Бросив на нее единственный взгляд, Ирис сказала, что это всего лишь крошечная, совсем еще юная капустница. (У ней имелась теория, что, скажем, комнатные мухи понемногу растут.)
– Теперь смотрите внимательно, – сказал Каннер, игнорируя ее диковинное замечание и тыча сжатым пинцетом в треугольное насекомое. – То, что вы видите, это испод: левое Vorderflügel («переднее крыло») с исподу белое, а левое Hinterflügel («заднее крыло») – желтое. Я не стану раскрывать ей крылья, однако надеюсь, вы поверите тому, что я вам сейчас скажу. С наружной стороны, которой вам не видать, эта разновидность имеет такие же, как у ее ближайшей родни – у малой белянки и у белянки Манна, обе попадаются тут на каждом шагу, – типичные пятнышки на переднем крыле, а именно точку у самца и черное Doppelpunkt («двоеточие») у самки. С исподу пунктуация у этих родственников воспроизводится, и только у вида, сложенный образчик которого вы видите на моей ладони, крыло снизу чистое – типографская причуда Природы! Ergo[25] – это эргана.
Одна из ножек лежащей бабочки дернулась.
– Ой, да она же живая! – вскрикнула Ирис.
– Не волнуйтесь, не улетит – одного сдавливанья довольно, – успокоительно ответил Каннер, спуская образчик назад в его прозрачную преисподнюю; и победоносно вскинув на прощание руки с рампеткой, он снова полез наверх.

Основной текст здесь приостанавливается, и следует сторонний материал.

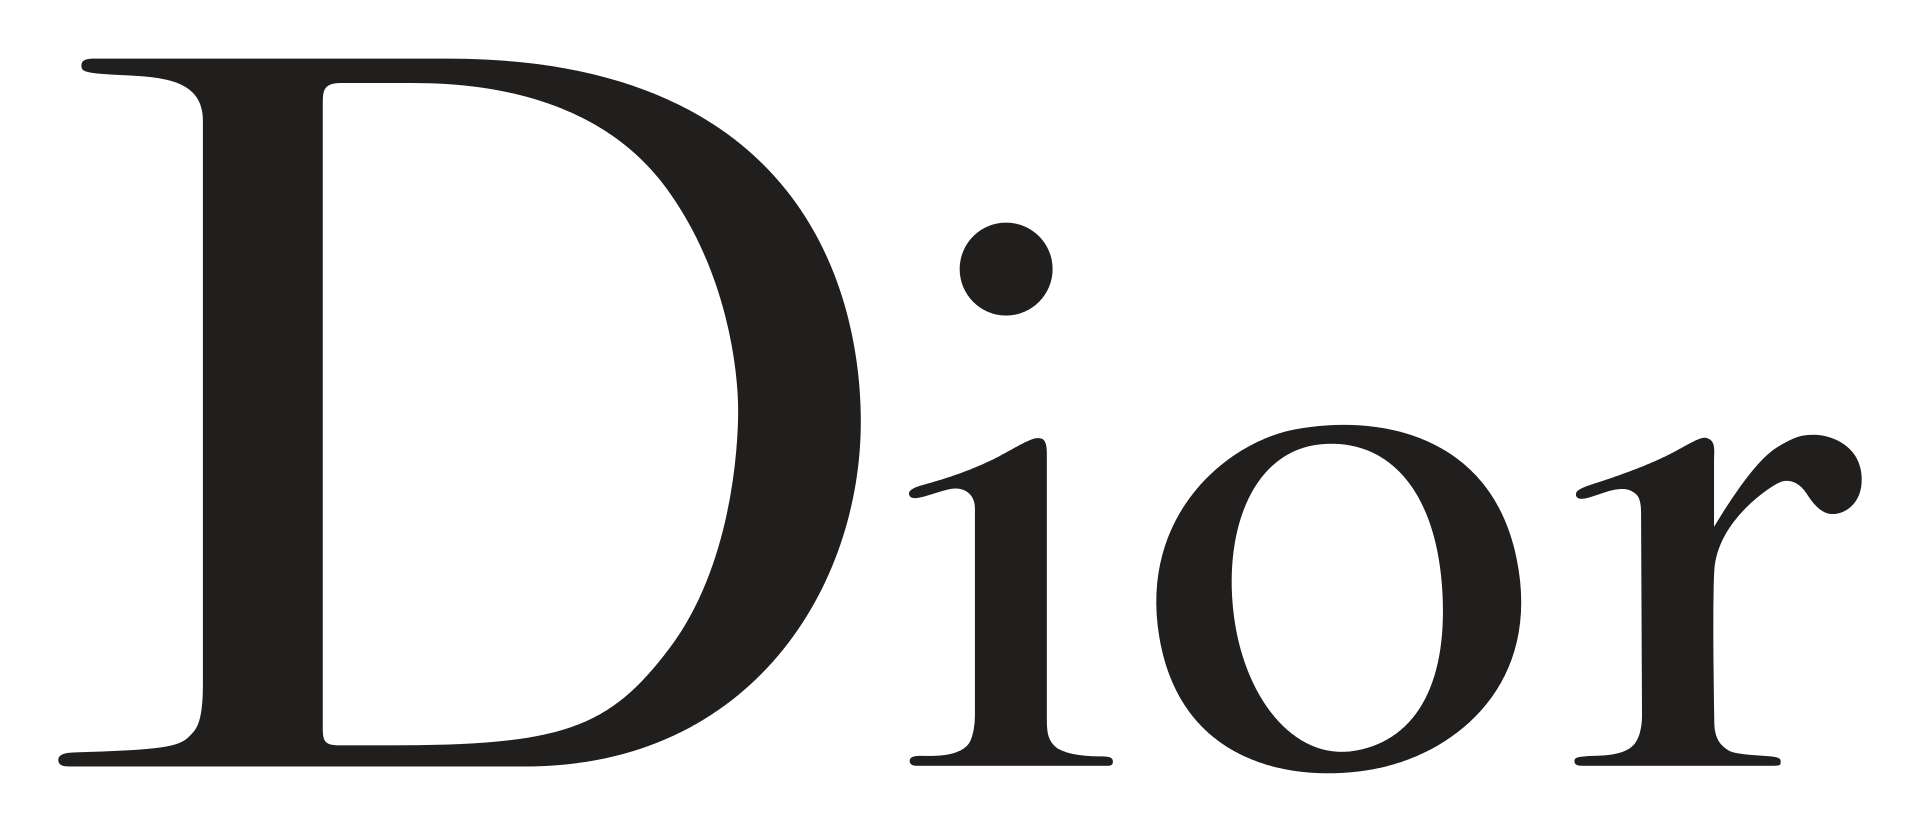 کریستین دیور - Christian Dior

– Животное! – простонала Ирис. Мысль о тысячах замученных им крохотных тварей томила ее, но через несколько дней, когда Ивор водил нас на концерт Каннера (поэтичнейшее исполнение Грюнберговой сюиты «Les Châteaux»[26]), она отчасти утешилась презрительным замечанием брата: «Вся эта его возня с бабочками – не более чем рекламный трюк». Увы, я, как собрат-сумасшедший, понимал, что это не так.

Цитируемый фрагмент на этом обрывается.